Dean Pinnock and eight others were given life sentences in September 2004 for a drive-by shooting in Sheffield. Pinnock wasn’t present when the shooting took place and says he did not know it was going to happen. But he had been at the scene of a scuffle earlier that evening, which police tied to the subsequent murder. He was also present the following day when the car used in the murder was burned. This would have earned him a four-year sentence for perverting the course of justice.

But under joint enterprise, Pinnock was included in the murder charge. The prosecution convinced the jury that because he had been involved in incidents linked to the shooting, he must have been ‘in’ on the murder. The man who actually burned the car was not charged with any crime and became a prosecution witness at the trial. The judge himself said of Pinnock, 'I puzzle at your involvement.' Pinnock’s sentence was life with a minimum of 20 years. He was just 18 at the time.

Once ‘association’ with the group has been established, joint enterprise is a powerful prosecuting tool, and it gets even easier once knowledge of a weapon is involved. 'If they knew their co-defendant had a weapon, you can infer they must have foreseen they may use it, and then you're half way there to a murder conviction,' Professor Ormerod told us.

By examining the data, looking at several cases, and amassing expert analysis from leading legal minds, the Bureau found compelling evidence that joint enterprise is casting its net too wide and drawing in people who are remote from the crimes for which they are convicted. Many suggest the threshold to securing a conviction using joint enterprise is too low, causing people to be found guilty of murder when they did not intend for anyone to die. People are being convicted and sentenced to life imprisonment on what can be proved they thought might happen – a basis described by many legal experts as too weak and elastic for the most serious of crimes. Mandatory life sentencing for murder means prison terms in some cases can seem disproportionate to the actual crime committed by the defendant.
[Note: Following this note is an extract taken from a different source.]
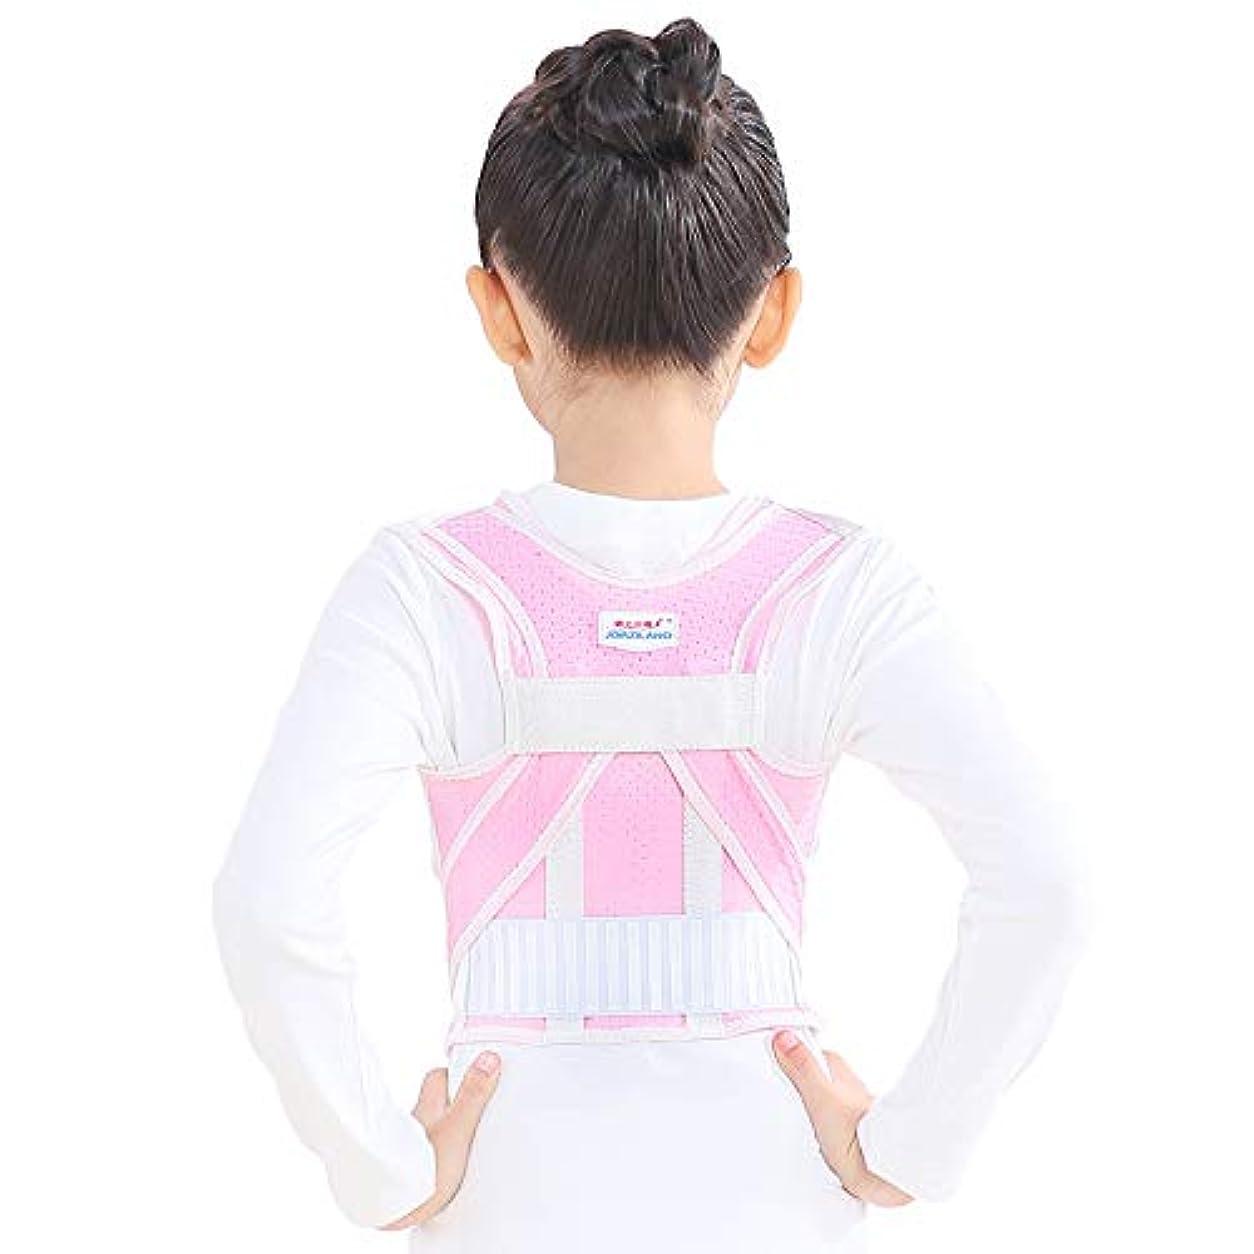 実り多いそのような投資背骨矯正による背中矯正の目に見えない矯正による背中矯正姿勢,Pink,XXL
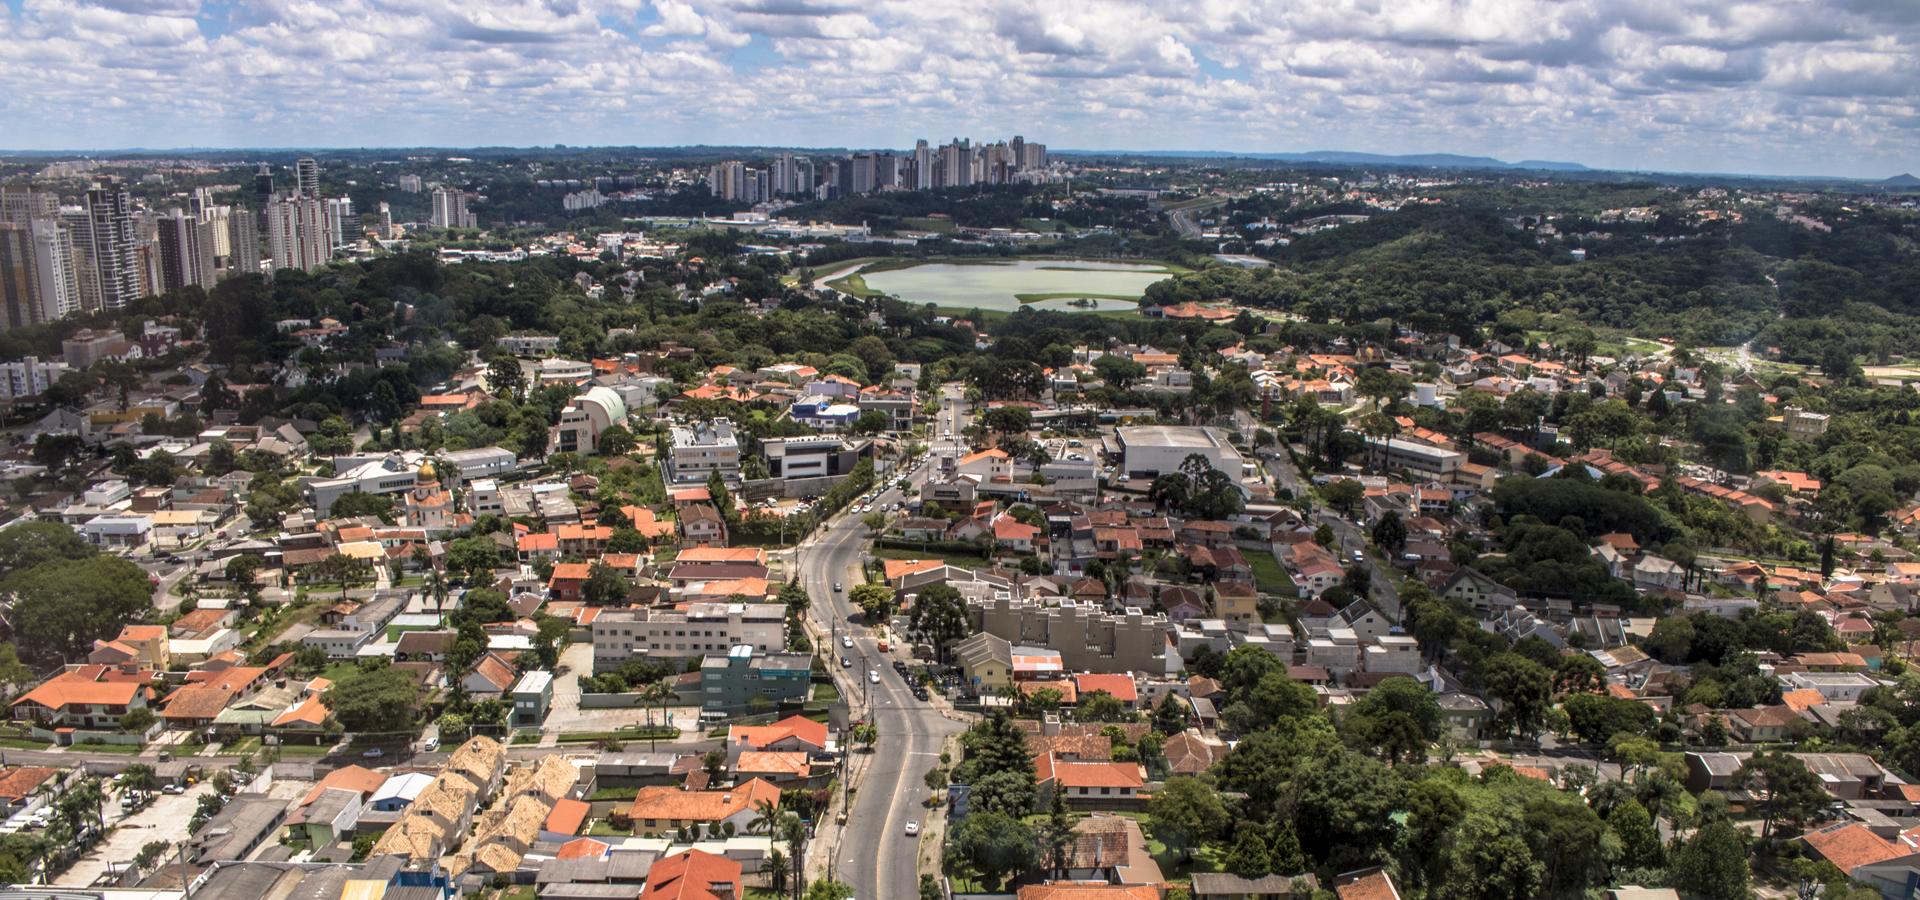 Peer-to-peer advisory in Curitiba, Paraná, Brazil

The Justice Select Committee recommended that rather than leaving it to the courts to rule on, joint enterprise should be clearly enshrined in statute. Professor Ormerod believes the case this kind of reform is ‘overwhelming’. This would come too late, however, for the potentially large number of people whom, had it not been for the complexities of joint enterprise, could have served lesser, or perhaps, no jail terms at all. 

Justice Minister Damian Green responded to the Bureau's findings, saying: 'Joint enterprise law has enabled some of the most serious offenders to be brought to justice. It ensures that if a crime is committed by two or more people, all those involved can potentially be charged and convicted of that offence.

'Sentencing in individual cases is a matter for the courts. We have no plans to change the law in this area.'

Many of those caught in joint enterprise’s net are, as one defence barrister said,  ‘unsympathetic characters’, guilty of criminal behaviour, but regardless of their criminal history they shouldn’t do time for crimes they didn’t commit. In newspaper and television reports, the accused stare menacingly out of police mug shots, endorsing an image of them as mindless thugs. Casey’s pictures of her sister Laura show a young woman, barely five feet tall, pretty and smiling - completely different to the grim-faced embodiment of binge-drink Britain, as Mitchell was portrayed in press reports. Public sympathy goes naturally to the victims of crime, their families and friends. But as Lord Phillips, former Lord Chief Justice and former president of the Supreme Court, told the Bureau  - joint enterprise is 'capable of producing injustice.' No matter the status of a defendant – whether an innocent bystander swept up in momentary chaos and violence or a criminal with previous convictions  – no-one should do time for a crime they did not commit.